Well, there is. For bank-created money, the deposit is the liability part, and the promissory note is the asset (to the bank) part. And for government-created money (transfers from the government), the deposit (owed to depositor) is the liability part, and the reserve (which never leaves the Fed) is the asset part. And these parts are severable (making the dollars fungible), because the bank can (and does) transfer reserves when a check is written on bank-created money, while the promissory note stays with the bank.

That's the key - bank assets are largely unreachable by the bank. They have reserves, which stay at the Fed; they have promissory notes, which are just I.O.U.s; and they have some equity, which is reachable.

I didn't skip that part at all. When a bank makes a loan, the banks account at the Fed is reduced by the amount it loans,

Where did you hear this?
 
According to your explanation, deposits are not money in their own right, and fractional reserve banking does not allow the money supply to exceed the underlying reserves of base money issued by the central bank.

Deposits are money in their own right, but it's money that you acquired from some source, it's not new money unless that source is actually a loan directly from the fed, a sale of assets to the fed, or gov deficit spending funded by the fed purchasing treasuries. All that is happening is that the same money is circulating faster. If I spend a dollar at Joes, and then Joe spent it at Walmart, and Walmart then used that dollar to pay an employee, is there three dollars, or was that just the same dollar circulating over and over again?

My deposits don't go anywhere, they're still there, and i can access them whenever i want.

You can, but you aren't currently accessing any of your deposits (or else they wouldn't still be in your account and thus wouldn't be deposits). Until you utilize your deposits, the bank is free to lend that money out and gain a rent (interest) for doing so. So right this second, someone else may be using your money to purchase a new car, you just don't know it. when you spend or withdraw your money, the bank then uses someone elses money to replace what they have loaned, or maybe the last loan repayment that the recieved in the mail or online is used to pay for your withdrawal or check. Money is fungible.

When i deposit money, the bank might put some of that away as reserves, but it also creates money in the amount deposited that is owed to me. That money is mine, it is not given to anyone else, it is only mine. The physical currency i deposited is no longer mine, but the money that it represented is still mine in the form of the newly created commercial bank money.

When you deposit a check or electronic deposit, the federal reserve credits your bank with that amount of money. When you withdraw money or write a check, the federal reserve debits (marks down) your banks account.
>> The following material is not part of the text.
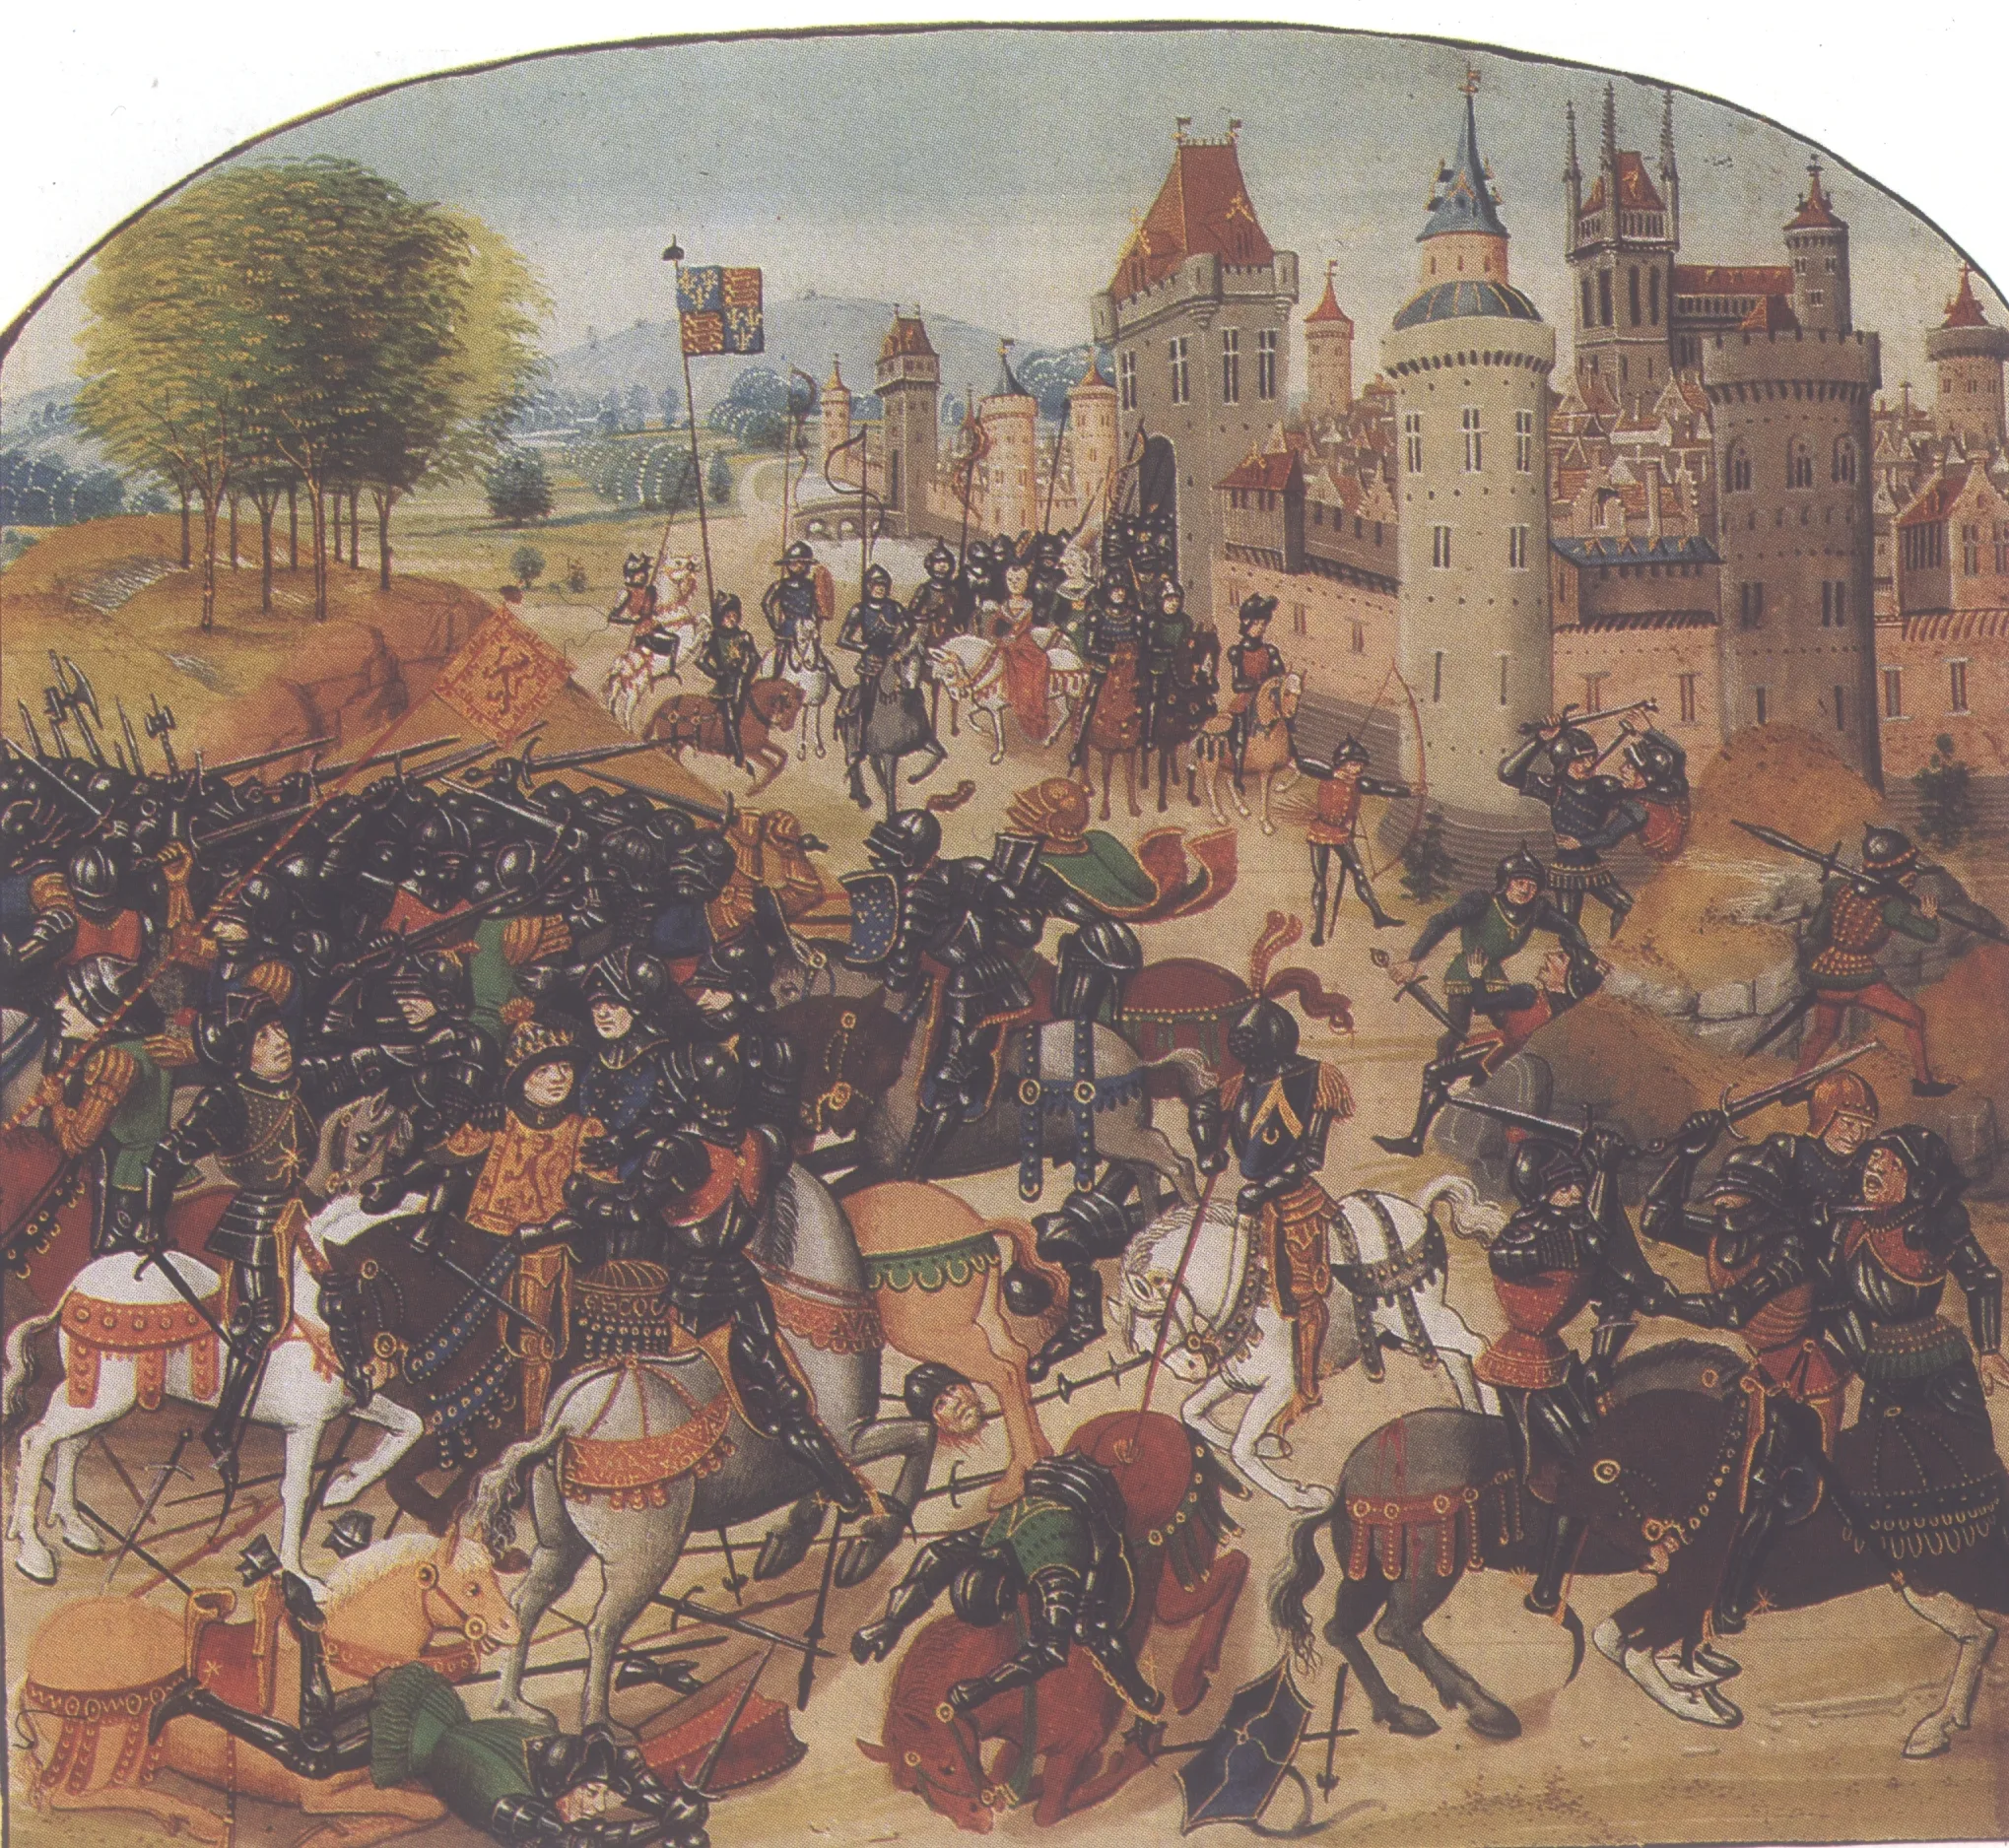 Photo showing: David II, King of Scots, taken prisoner (lower left) at Neville's Cross, from an edition of Froissart's Chronicles.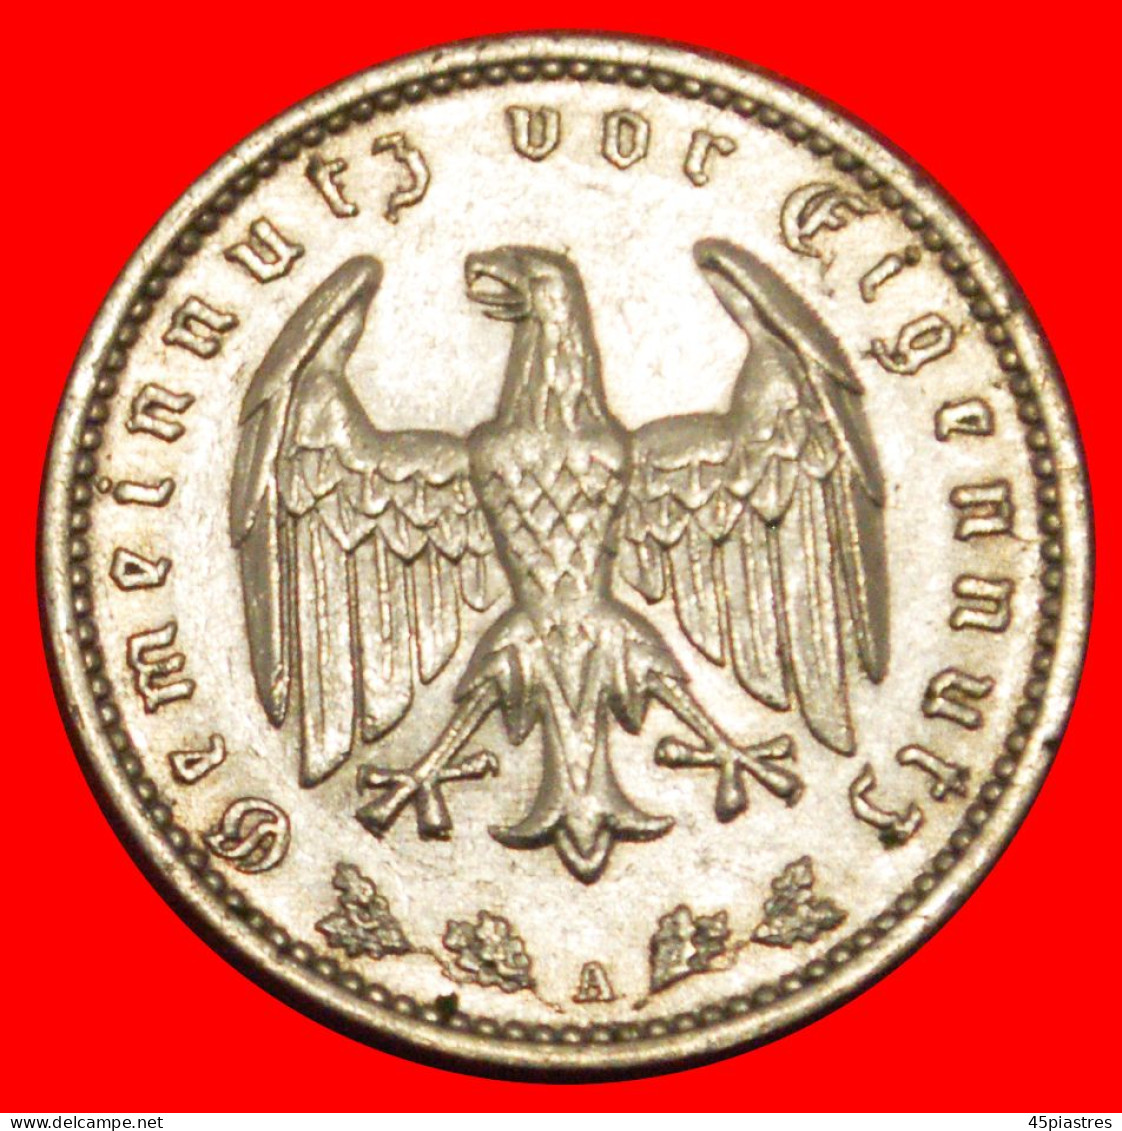 * NO SWASTIKA (1933-1939): GERMANY  1 MARK 1933A UNCOMMON! THIRD REICH (1933-1945) · LOW START ·  NO RESERVE! - 1 Reichsmark

If it was physical currency, then it is still a reserve, even if the bank just puts it in their vault. If banks get to where they have more cash than they need for day to day transactions, they can literally turn that cash in and have their account at the fed marked up.

yes, your money was created. but it was created by the federal reserve, not a commercial bank. All a commercial bank may have done was to loan you some of someone elses money.